Indian Military Review
- Language: English

Publication details
- History: 2009 - present
- Publisher: IMR Media Pvt Ltd.
- Frequency: Monthly

Standard abbreviations
- ISO 4: Indian Mil. Rev.

= Indian Military Review =

Indian Military Review (IMR) is an Indian defence monthly magazine. It was started by IDYB Group in December 2009. The first issue appeared in January 2010. It is published by IMR Media Pvt Ltd, part of the IDYB Group, which has been publishing military books since 1931. The Indian Defence Yearbook and Indian Military Review monthly magazine are the flagship publications of the IDYB Group. The Indian Military Review aims to stimulate the top brass intellectually and provides non-partisan analyses to middle level officers and is a source of information and learning for young officers.

Indian Military Review is edited by a team of retired service officers from the Indian Army, Indian Air Force and Indian Navy. Major General R. K. Arora is executive editor of the journal. General Arora commanded 12 Infantry Division of the Indian Army and was head of the Red Forces Branch of Army Training Command before seeking voluntary retirement in October 2009. Indian Military Review has been recommended by the USI of India, a think tank of the three Indian services, which runs UN peacekeeping programmes and correspondence courses for staff college course aspirants and for promotion examinations.

==Contents==
Every month IMR carries articles related to major developments in the field of defence and security in the Indian sub-continent, neighbourhood, insurgency, internal and homeland security, armed forces' modernisation, paramilitary forces, defence research, military modernisation, military history and conferences & events.

Contents of the May 2013 issue can be seen here.

==Editorial board==
The editorial board of IMR has the following :

1. Major General Ravi Arora
2. Air Marshal Bharat Kumar
3. Lt Gen DS Chauhan
4. Maj Gen Deepak Mehta
5. Lt Col Vijay S Bharthiae
6. Vijay Mahajan
7. Samir Narula

==Special content==
Gannet Government Media Corp (GGMC) USA entered into a content sharing agreement with IMR Media Pvt Ltd in November 2011. IMR carries eight pages of content from Defense News published weekly by GGMC in every issue of IMR.
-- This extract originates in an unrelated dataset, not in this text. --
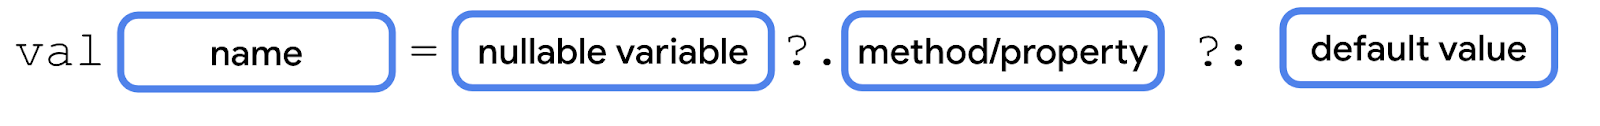 Schéma représentant le mot clé val suivi d'un bloc de nom, d'un signe égal, d'un bloc de variables nullables, d'un point d'interrogation, d'un point, d'un bloc de méthode ou de propriété, d'un point d'interrogation, d'un deux-points et d'un bloc de valeur par défaut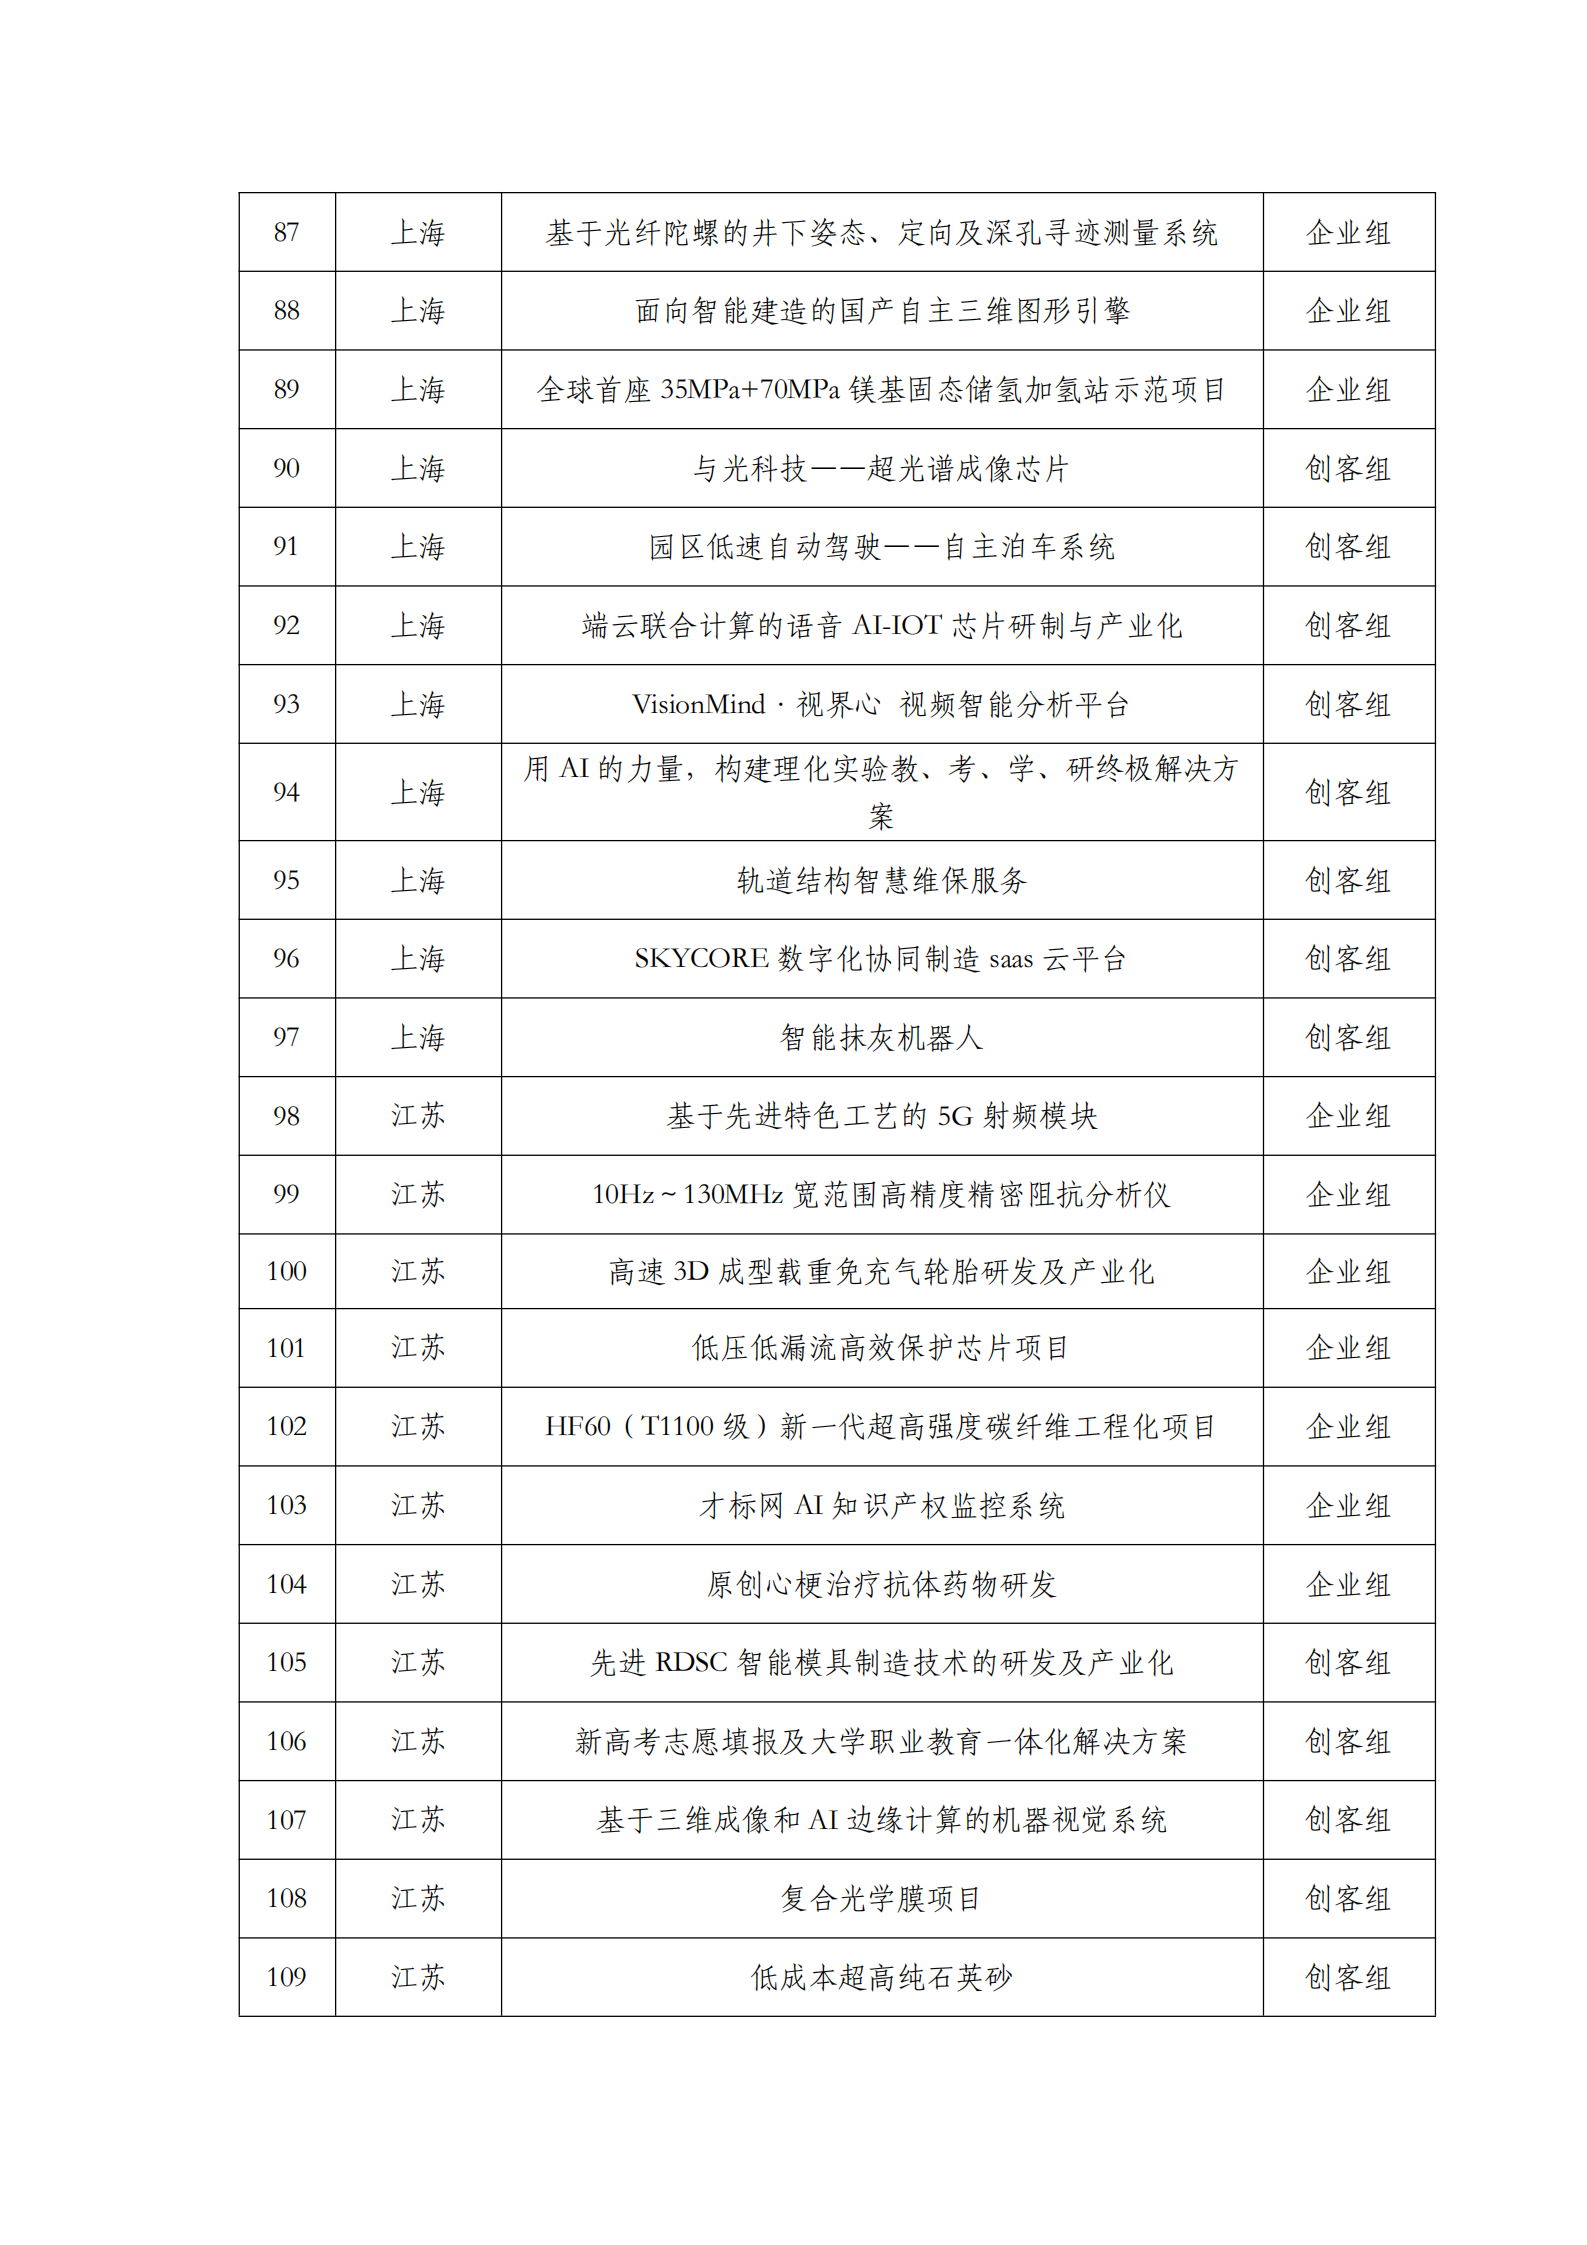 第六届“创客中国”中小企业创新创业大赛500强公示名单_04.png

==Conferences and exhibitions==
IMR Media produce quality defence conferences and exhibitions in India. The first of such events, UV India 2011 , was held on 13–14 October 2011, in New Delhi, India. Events organised in 2012-13 included:
1. Military Simulation & Training 2012 – 21–22 June 2012.
2. Heli & UV India 2012 – 15–16 November 2012
3. Night Vision India 2013 16–17 January 2013.
4. CBRN India 2013 – 16–17 April 2013.
5. Precision Attack & Targeting India 2013 - 11–12 July 2013.